5 killed, hundreds injured in Lanka violence: Latest developments

Sri Lanka crisis: A bus burns down near Mahinda Rajapaksa’s official residence in Colombo.

Colombo:

Five people were killed and more than 225 injured in a wave of violence in Sri Lanka, where the prime minister resigned after weeks of protests over the worsening economic crisis.

As clashes broke out late Monday, authorities imposed an indefinite curfew in the country of 22 million people and called on the military to help stop the violence.

Anti-government protesters, who have been peacefully demonstrating since April 9, retaliated after being attacked by supporters of outgoing Prime Minister Mahinda Rajapaksa.

Here are the main events:

MPs shoot protesters

Leaving the capital Colombo on Monday, ruling party MLA Amarakirthi Athukorla opened fire on protesters who stopped his vehicle, killing a 27-year-old man and injuring two others.

Police said the MP later took his own life, but the party said he had been murdered. The MLA’s bodyguard was also killed, but it was not clear how.

A provincial politician from Rajapaksa’s party, who has not been named, shot dead two people and wounded three in the southern city of Virketiya on Monday. He is missing.

Politicians’ houses burnt

Despite the curfew, at least 41 houses of top leaders of the ruling party were torched overnight. Hundreds of motorcycles parked in those houses were also burnt.

“This is something we should have done earlier,” an unidentified person told a local media network in front of a minister’s burning house. “We’re sorry we couldn’t burn it sooner.”

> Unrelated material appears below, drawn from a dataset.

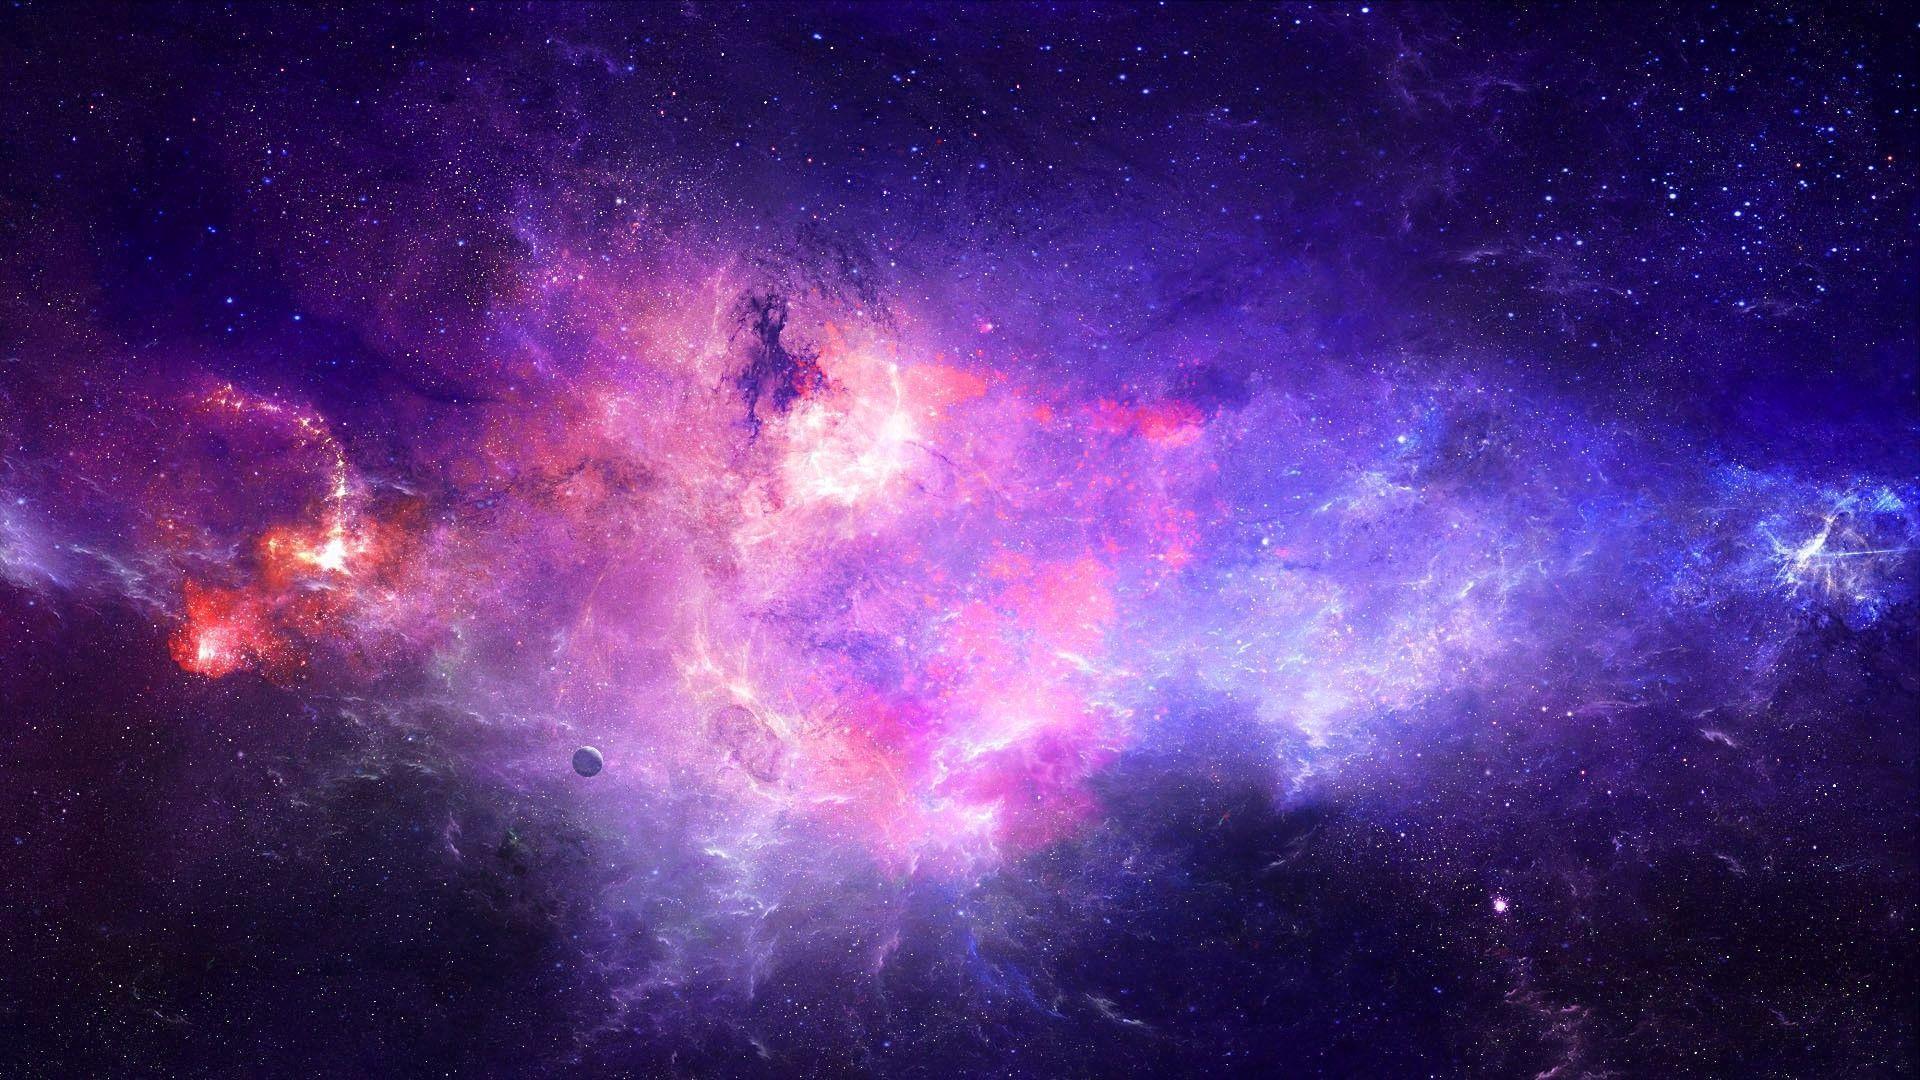 Thiên hà là một trong những khái niệm vĩ đại và huyền bí nhất trong vũ trụ của chúng ta. Nó bao gồm hàng triệu sao, hành tinh, khối khí và vật chất khác, và tạo ra một cảnh tượng mê hoặc không thể tả bằng lời. Nếu bạn muốn khám phá vẻ đẹp đầy kỳ diệu của thiên hà, hãy truy cập trang web của chúng tôi để tải xuống những hình ảnh thiên hà đầy mê hoặc!

The house and temple of President Gotabaya Rajapaksa’s personal magician Gyan Akka were destroyed in a arson attack in the north-central city of Anuradhapura.

Rajapaksa Museum destroyed

Police said a mob attacked a museum about Rajapaksa in the ruling family’s native village Meda Mulana in the deep south of the island and threw him to the ground.

Two wax statues of Rajapaksa’s parents were flattened and the mob vandalized the building as well as the ancestral Rajapaksa’s house nearby.

A political office of Rajapaksa in the north-western city of Kurunegala was also destroyed in the arson.

state symbol hit

A mob torched a truck used by security forces to block the main gate of the Prime Minister’s official Temple Tree residence in Colombo, a major symbol of state power in Sri Lanka.

Police fired tear gas and fired shots into the air to disperse the crowd, as thousands of protesters stormed the main gate. The outgoing prime minister was taken out by the army before Tuesday morning.

Some tear gas canisters hit the US Embassy compound across the street from Temple Trees, but there are no reports of any casualties.

A hotel owned by a close aide of Mahinda Rajapaksa’s children was also set on fire, as well as a Lamborghini car parked inside. Police said there were no casualties among the foreign guests.

hospital blocked

Doctors at the main Colombo National Hospital intervened to rescue government supporters injured in clashes with anti-Rajapaksa protesters.

“They may be killers, but for us they are the patients who should be treated first,” one doctor shouted at the crowd blocking the entrance to the emergency unit.

Hospital spokeswoman Pushpa Soysa told AFP on Tuesday that a total of 219 people were admitted to the Colombo National Hospital alone, five of them in intensive care.

Soldiers had to forcibly open gates and break locks to enter the hospital to bring in wounded government supporters.

lake dunking

Angry anti-government protesters pushed dozens of people into the shallow Beira Lake near the Temple Tree residence.

“I came because I got a job from Mahinda (Rajapaksa),” said one man, as he gave permission to exit the highly polluted lake.

The police rescued the man and over a dozen others late on Monday night and admitted them to the hospital.

Six vehicles, including two buses used to transport Rajapaksa’s loyalists, were also submerged.

Buses were burnt, damaged

Dozens of buses used by Rajapaksa supporters to travel to Colombo earlier in the day were torched or damaged across the country.

In the suburb of Maharagama, a mob pulled a leader of a pro-government group out of a bus and threw him into a garbage cart before hitting the vehicle with a bulldozer.

(Except for the title, this story has not been edited by NDTV staff and is published from a syndicated feed.)